==== INFORMATION SHOWN

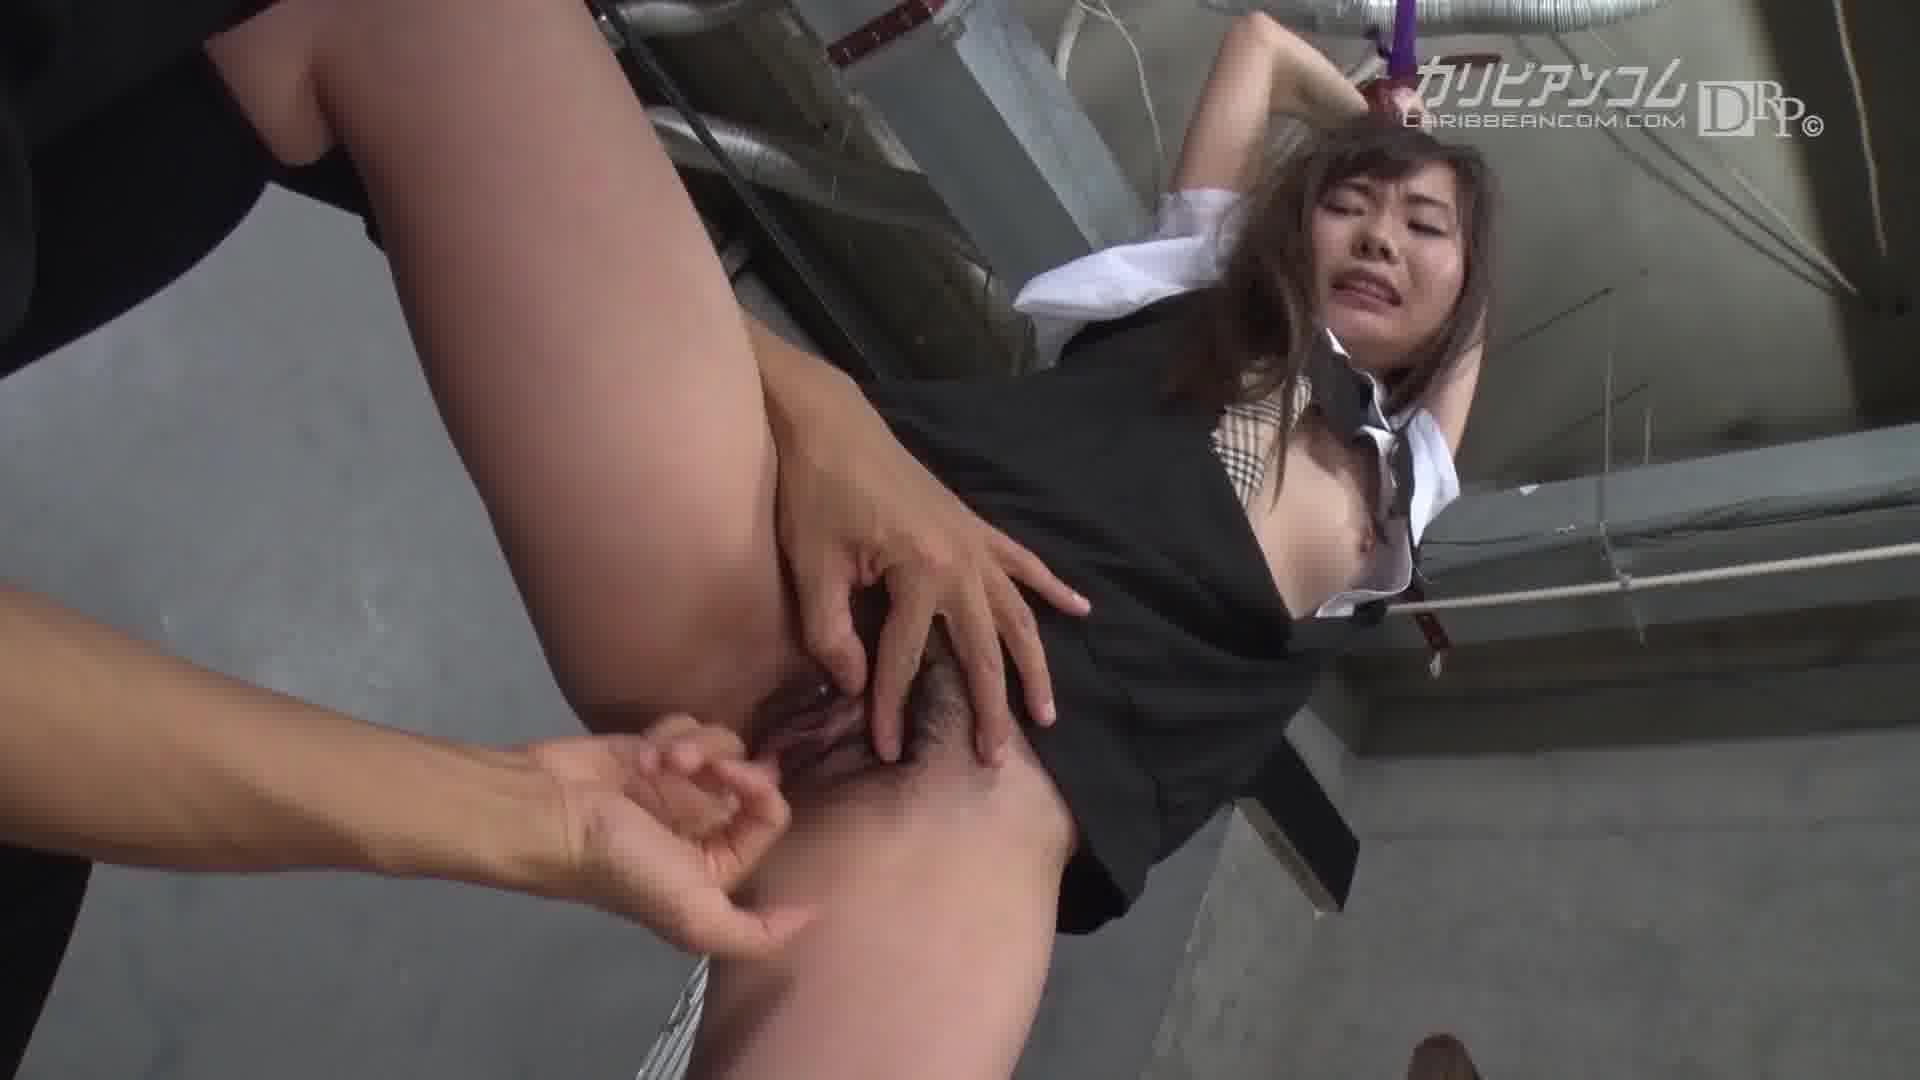 制服美女倶楽部 Vol.18 - 川澄まい【乱交・制服・SM】
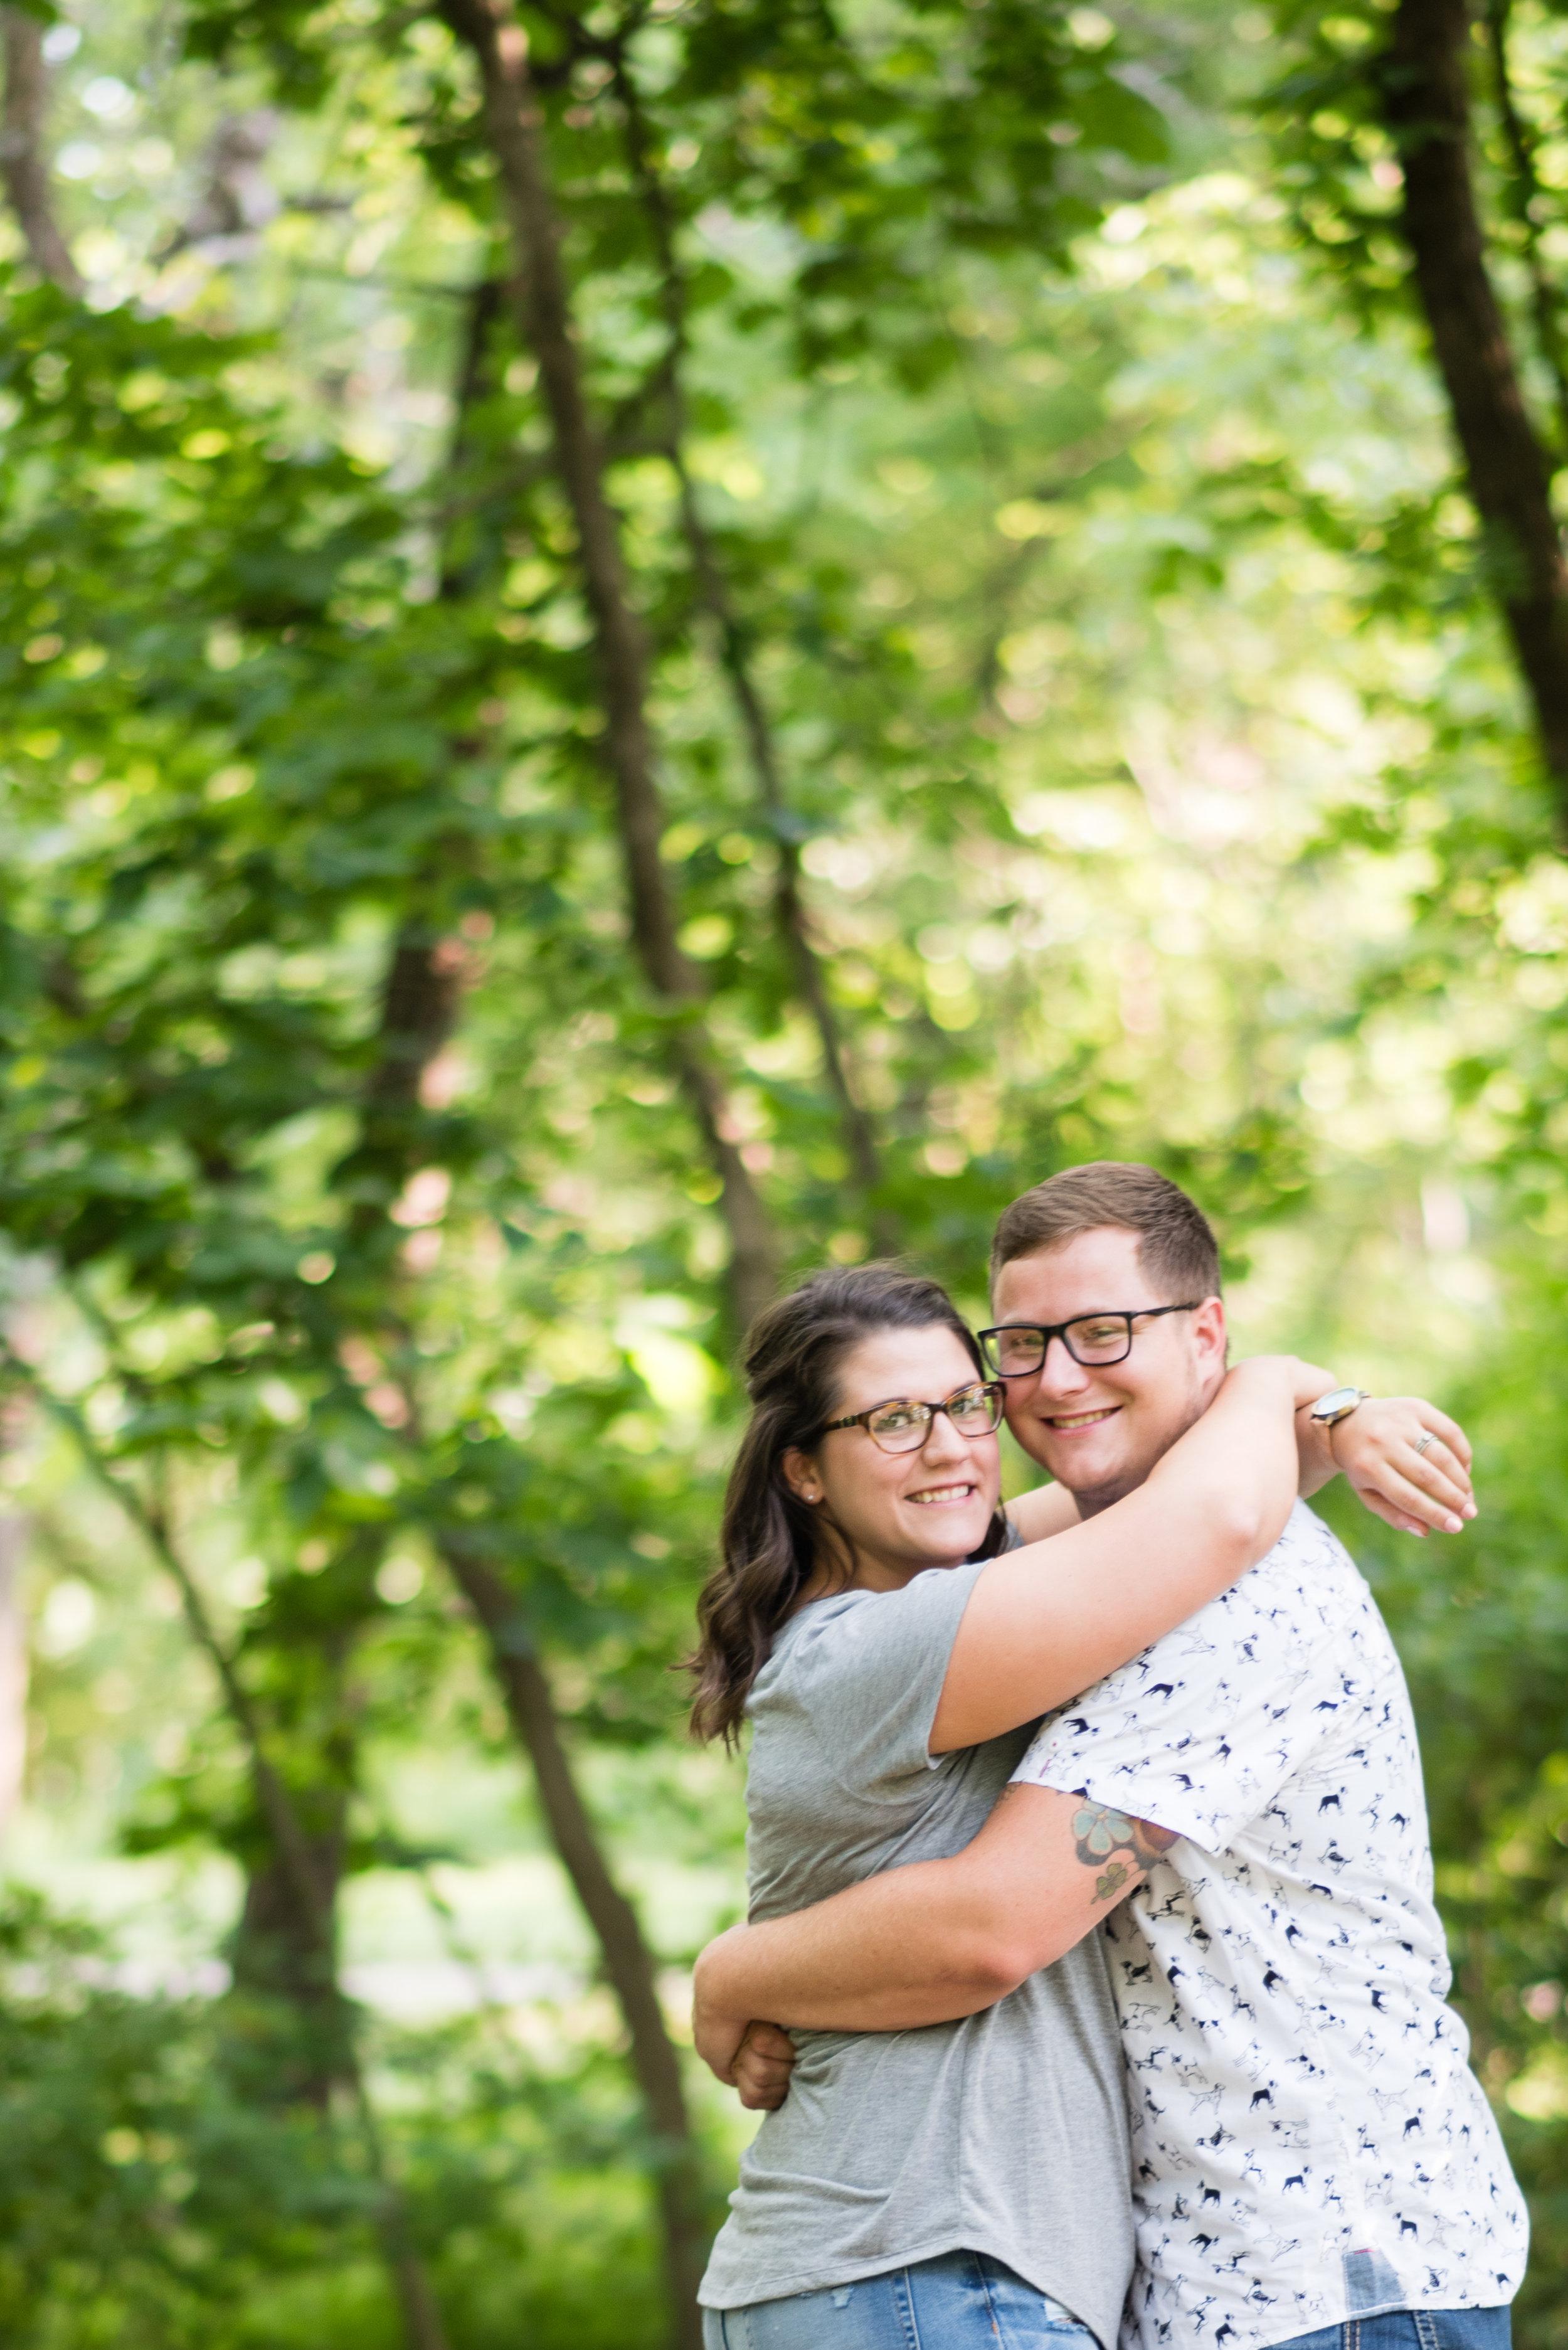 Kyle+Lori-23.jpg
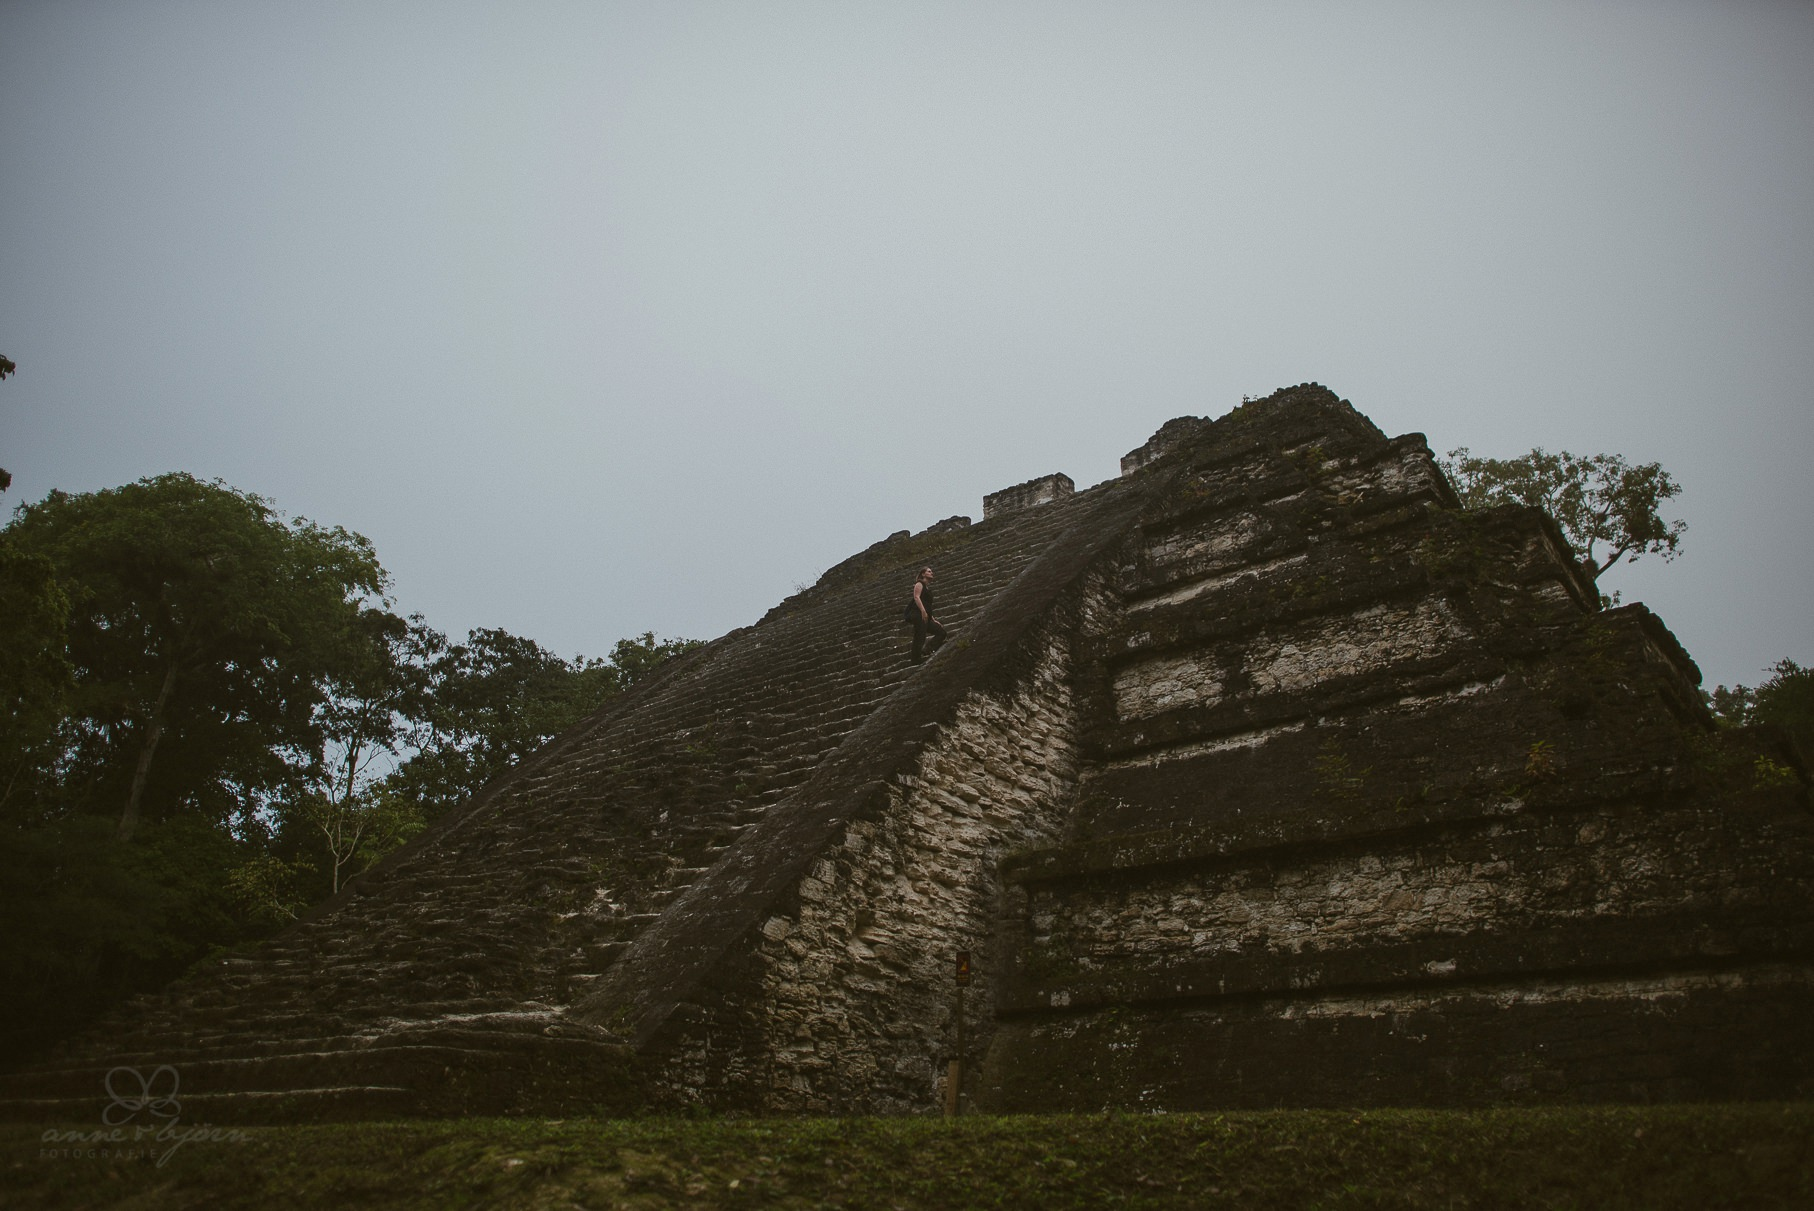 0209 anne und bjoern guatemala d75 4575 - 4 Wochen durch Guatemala - backpacking durch Mittelamerika

========

Reproduce the full listing above verbatim, with no pictures included.

 制服美女倶楽部 Vol.18 - 川澄まい【乱交・制服・SM】
 Kyle+Lori-23.jpg
 0209 anne und bjoern guatemala d75 4575 - 4 Wochen durch Guatemala - backpacking durch Mittelamerika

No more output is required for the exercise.